@therealtechnoblade
It seems like this is an uncomfortable topic for you... a simple solution is to stop reading it and go do something else.
@therealtechnoblade
It seems like this is an uncomfortable topic for you... a simple solution is to stop reading it and go do something else.
Oh please, Jesus rose on the 3rd day.
Jesus gave up his weekend for your sins, stop acting like it's such a big deal.
And also it was a freakin' human sacrifice. What kind of volcano-on-an-island God wants a human sacrifice?
So again... if you like to be a Christian, that's fine... just don't think too much about it otherwise you might start questioning things.
Sure sure, but God in heaven couldn't fix it right? It was beyond his power. He had to become a human so that there could be a human sacrifice, because that's how it works, and is definitely not a made up story and for sure really happened.
In other words God wasn't allowed to break the rules.
But then we have to wonder... who made the rules?
The whole God can't make new rules thing is pure speculation. Where in the Bible does it say God would do ____ if only he could, but he can't.

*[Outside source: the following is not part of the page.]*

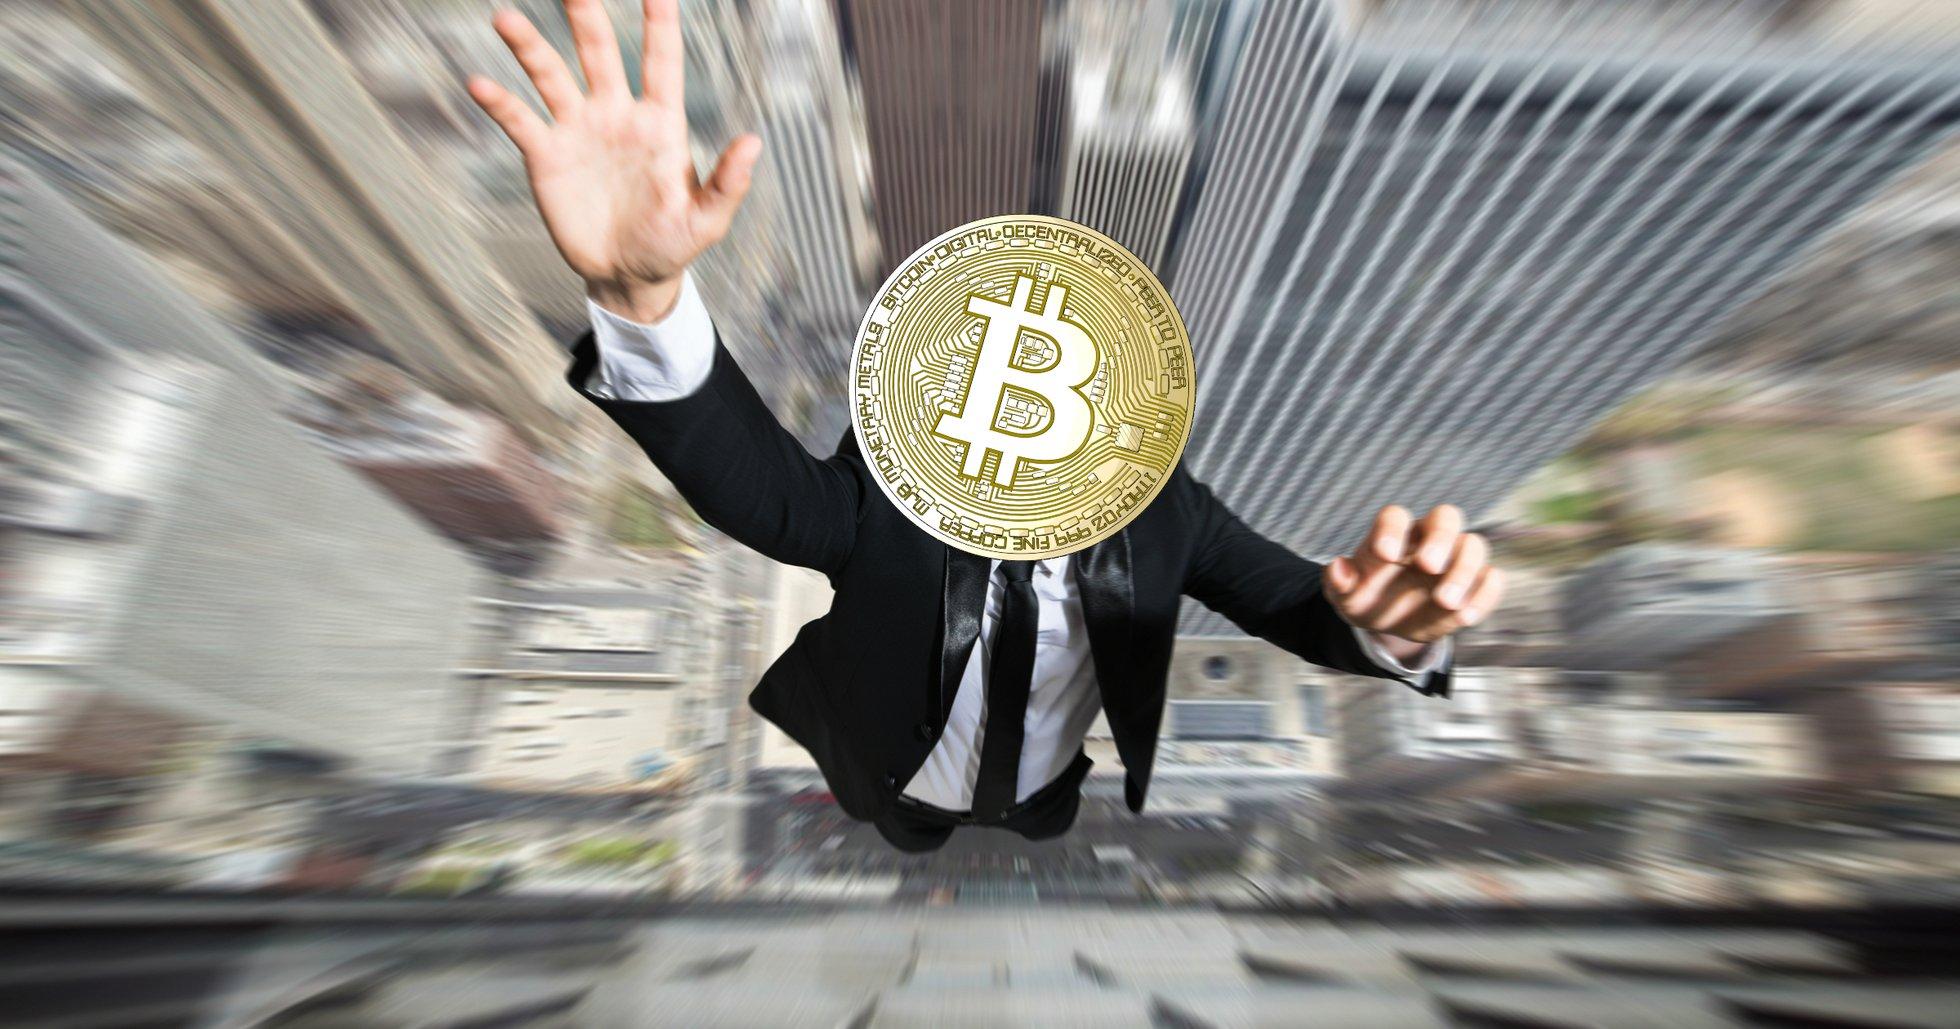 Bitcoinpriset rasar nästan 5 procent.

It's an answer arrived at for the sake of convenience.
The answer boils down to "God works in mysterious ways, so don't try to make sense of it."
And I know one way to answer that is to say everyone is born with the original sin, so even of God bombs a children's hospital it's not as bad as you might think. Plus God is good by definition, so it doesn't make sense to wonder if God is good.

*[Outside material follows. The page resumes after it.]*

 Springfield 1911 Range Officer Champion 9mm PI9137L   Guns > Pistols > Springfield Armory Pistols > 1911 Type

The problem with that is, the entire point of spirituality is that it establishes a framework of good and bad. I think most Christians would argue that if you don't believe in God then you have no moral anchor. There's no reason one thing is good and another is bad, and morals are totally relative... but as I just showed, saying God is good by definition so he can do things we'd normally call bad is also relative morality.
This is part of what makes "why do bad things happen to good people" a difficult question to navigate.